(Information supplied begins)

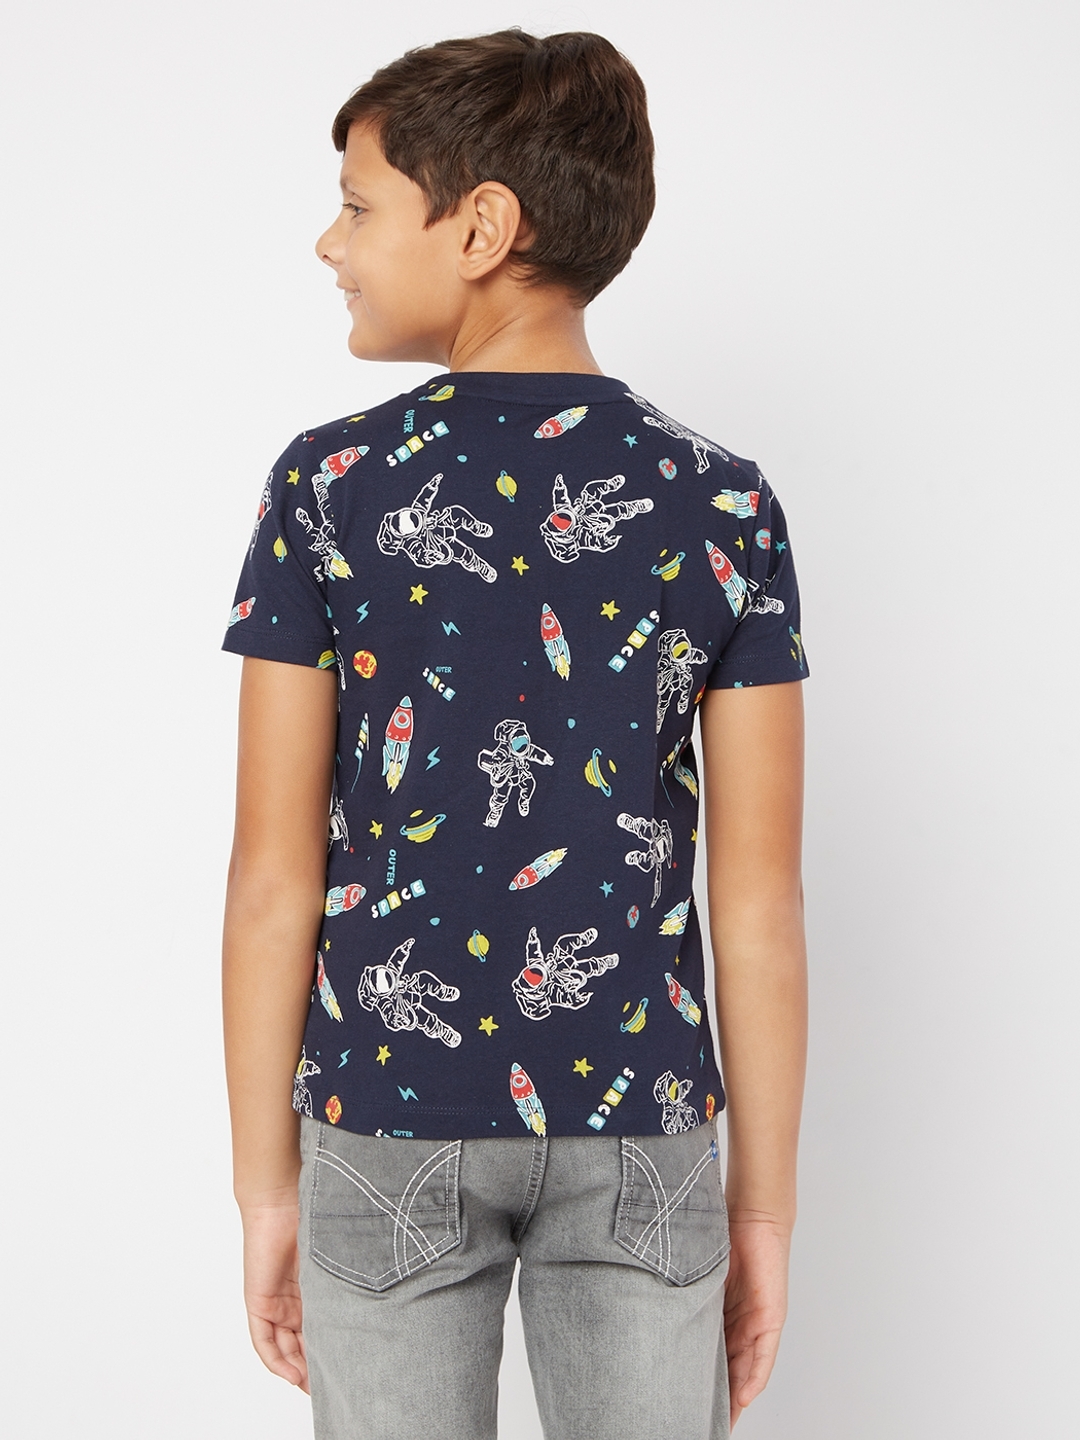 Scuba Space Slim Fit Round-Neck T-Shirt
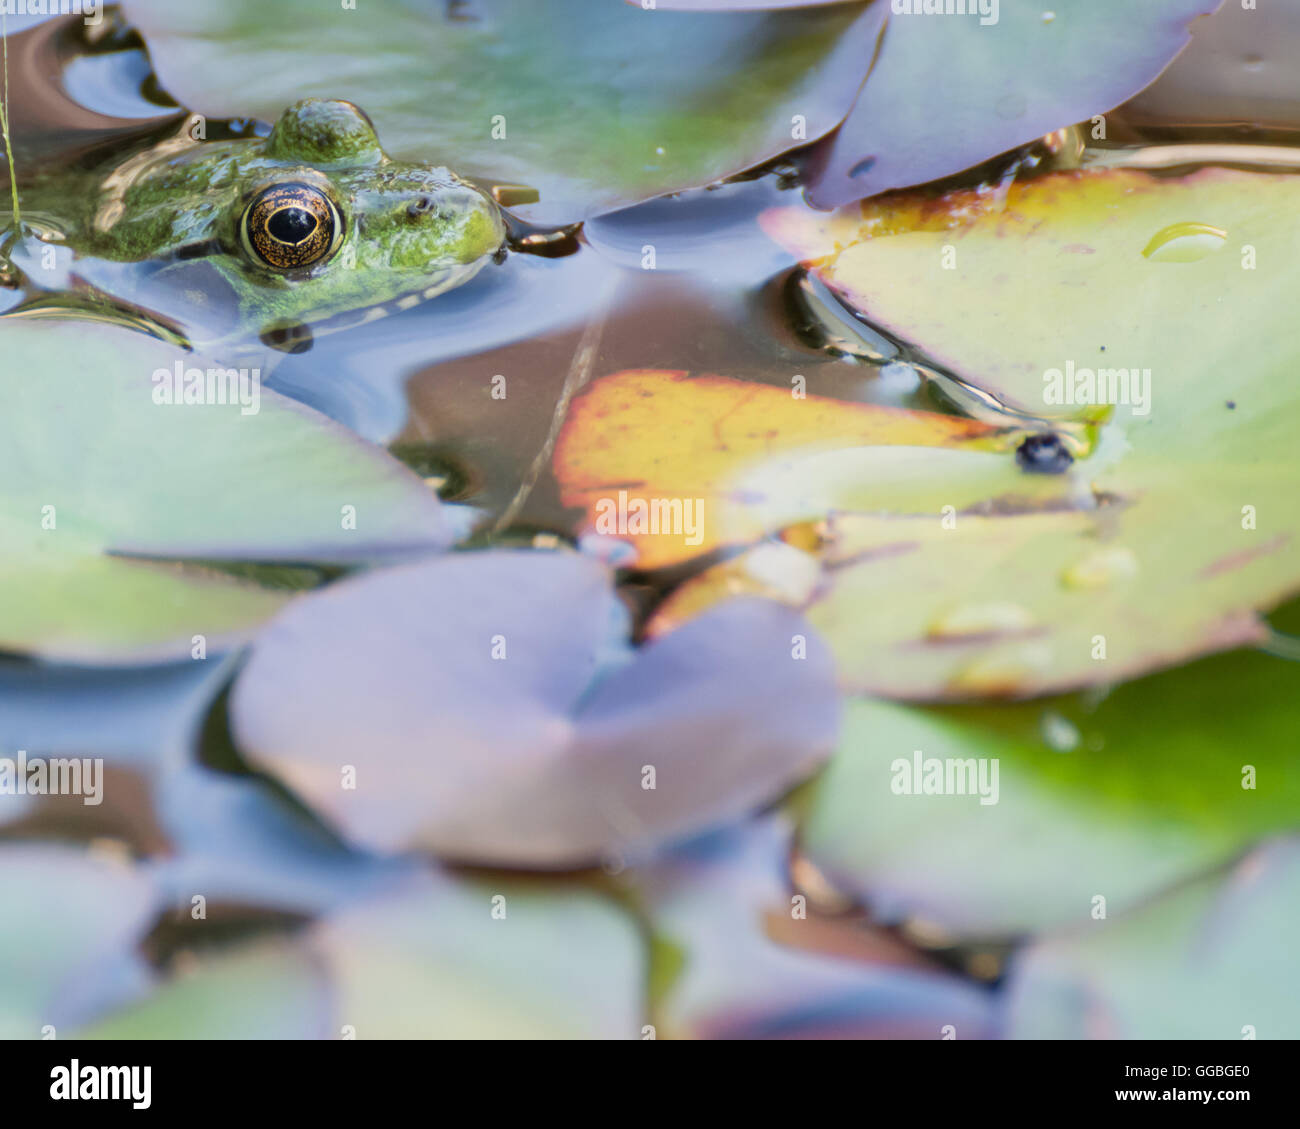 Bullfrog seduta in una palude con lilly pad. Foto Stock
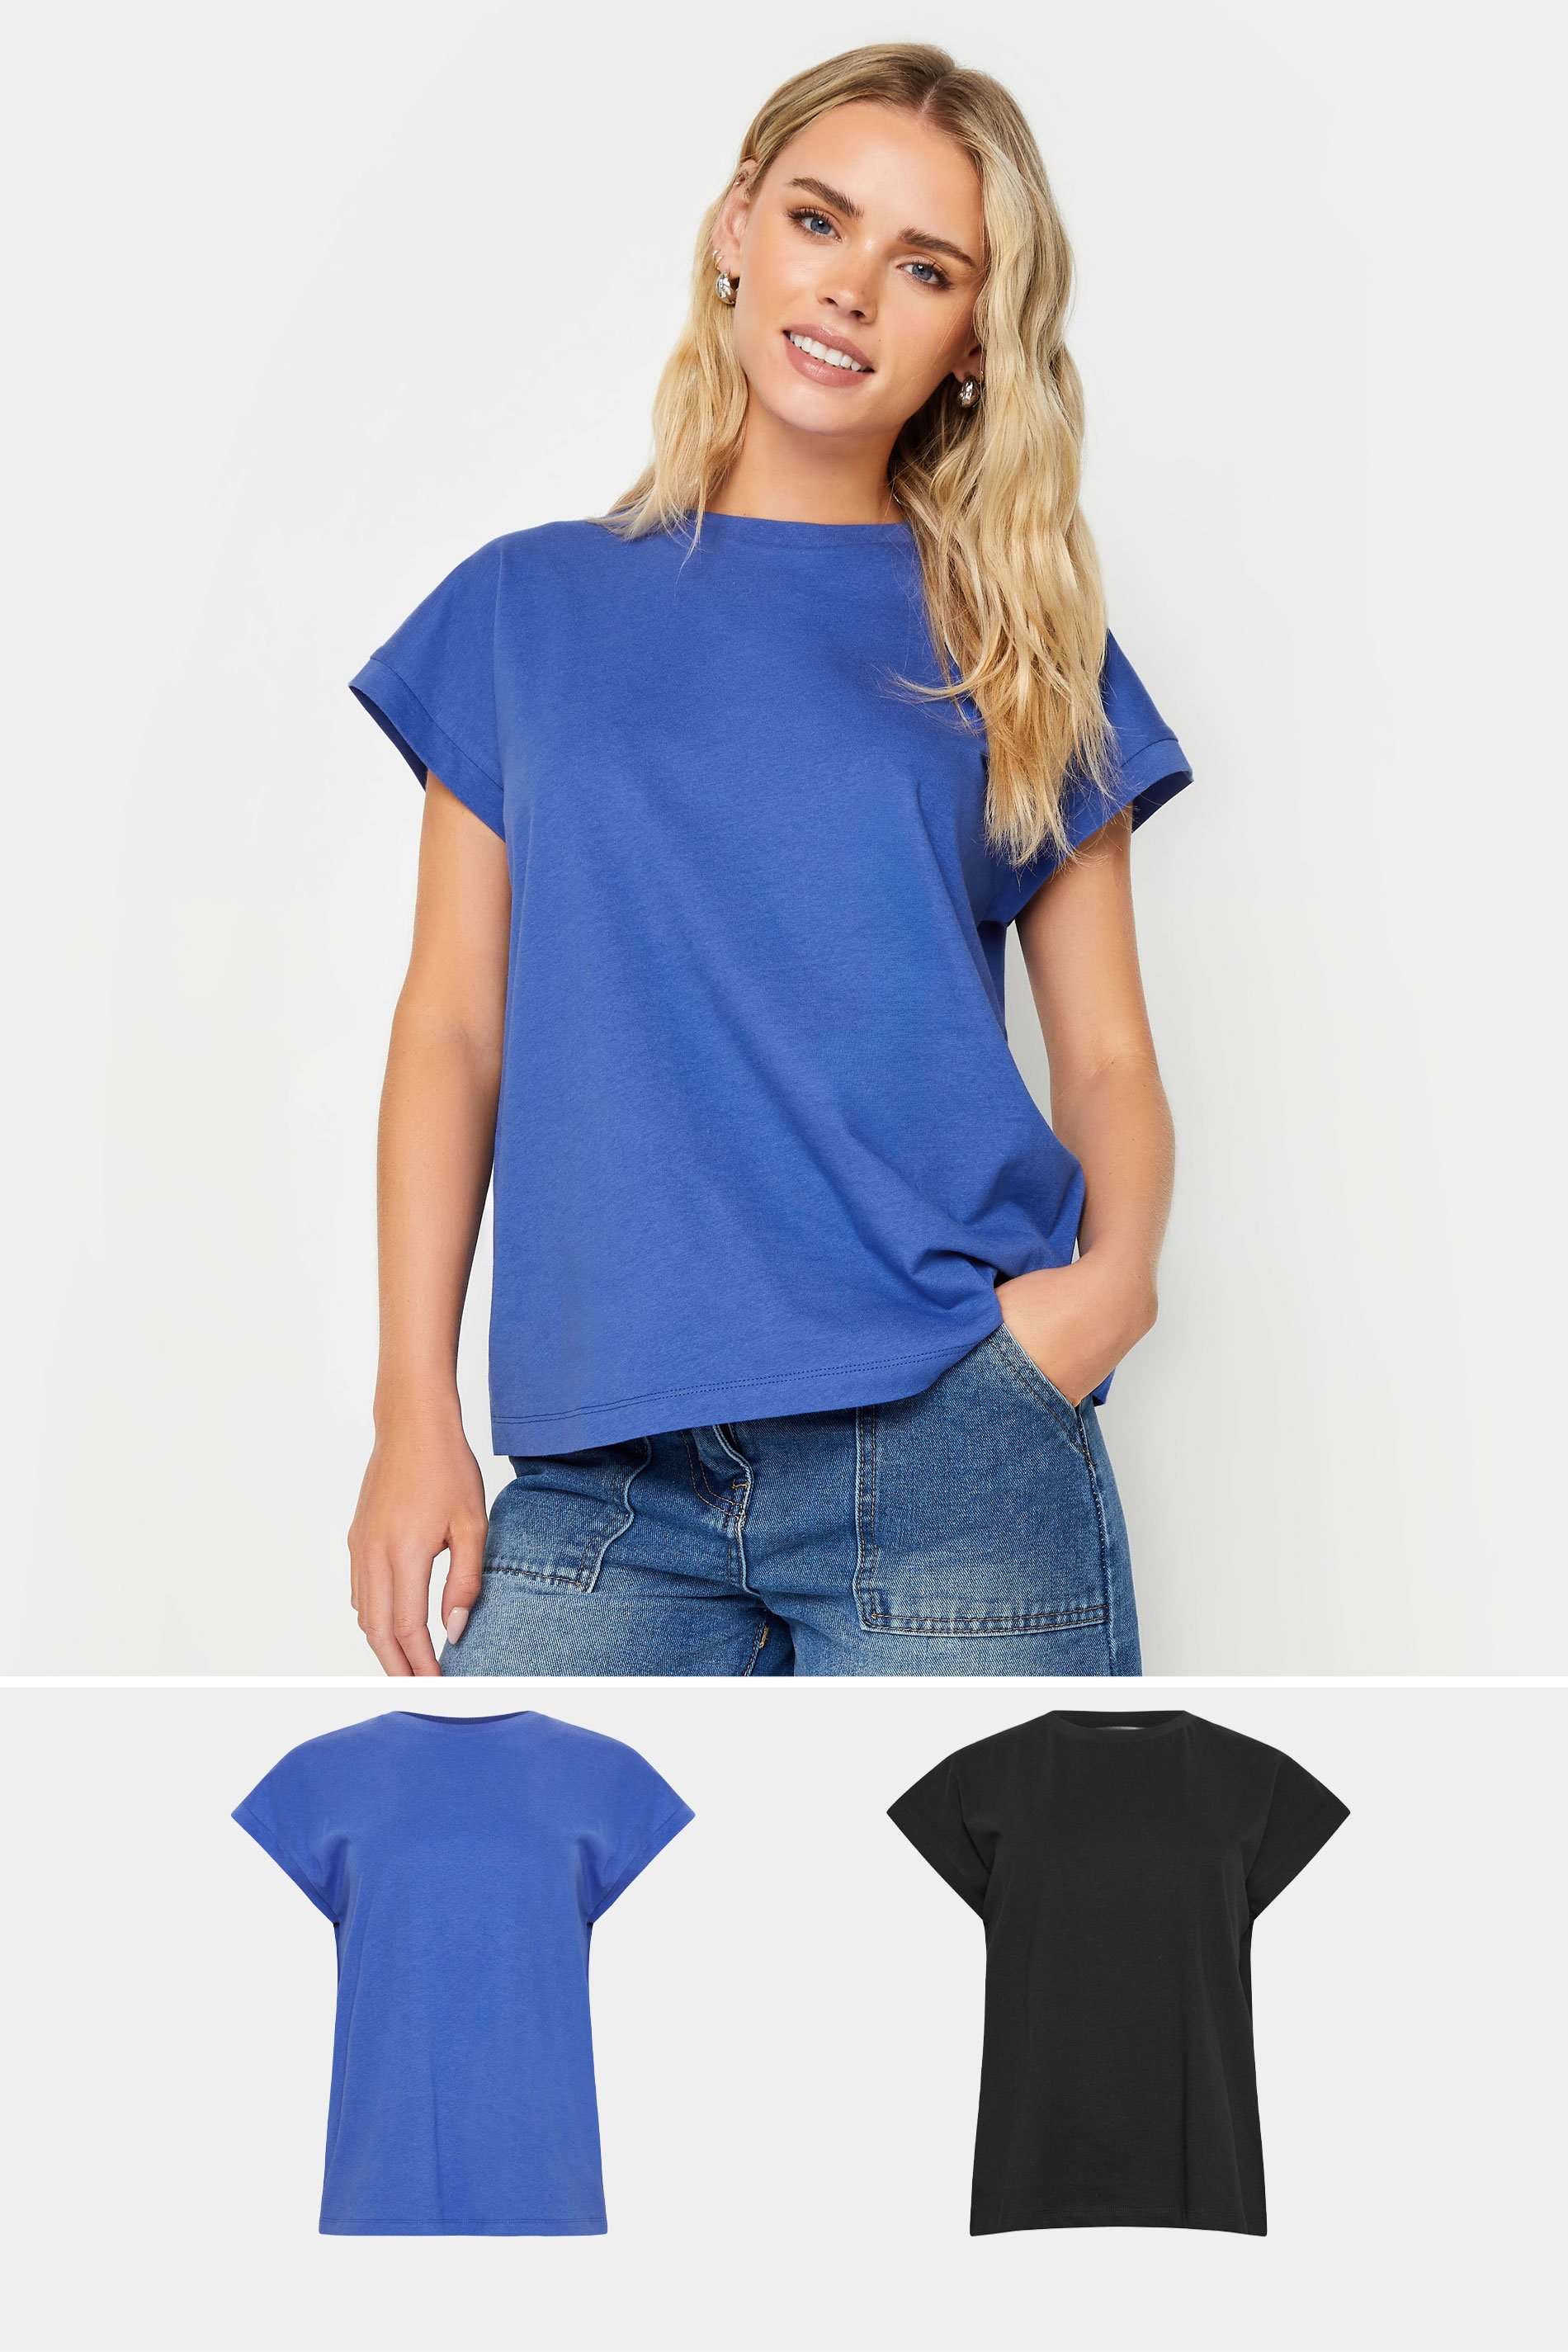 PixieGirl 2 PACK Petite Women's Blue & Black Short Sleeve T-Shirts | PixieGirl 1

(Information supplied ends)

— Your objective —
Reproduce every line above exactly, pictures excluded.

— Response box —
 Scuba Space Slim Fit Round-Neck T-Shirt
 Bullfrog seduta in una palude con lilly pad. Foto Stock
 PixieGirl 2 PACK Petite Women's Blue & Black Short Sleeve T-Shirts | PixieGirl 1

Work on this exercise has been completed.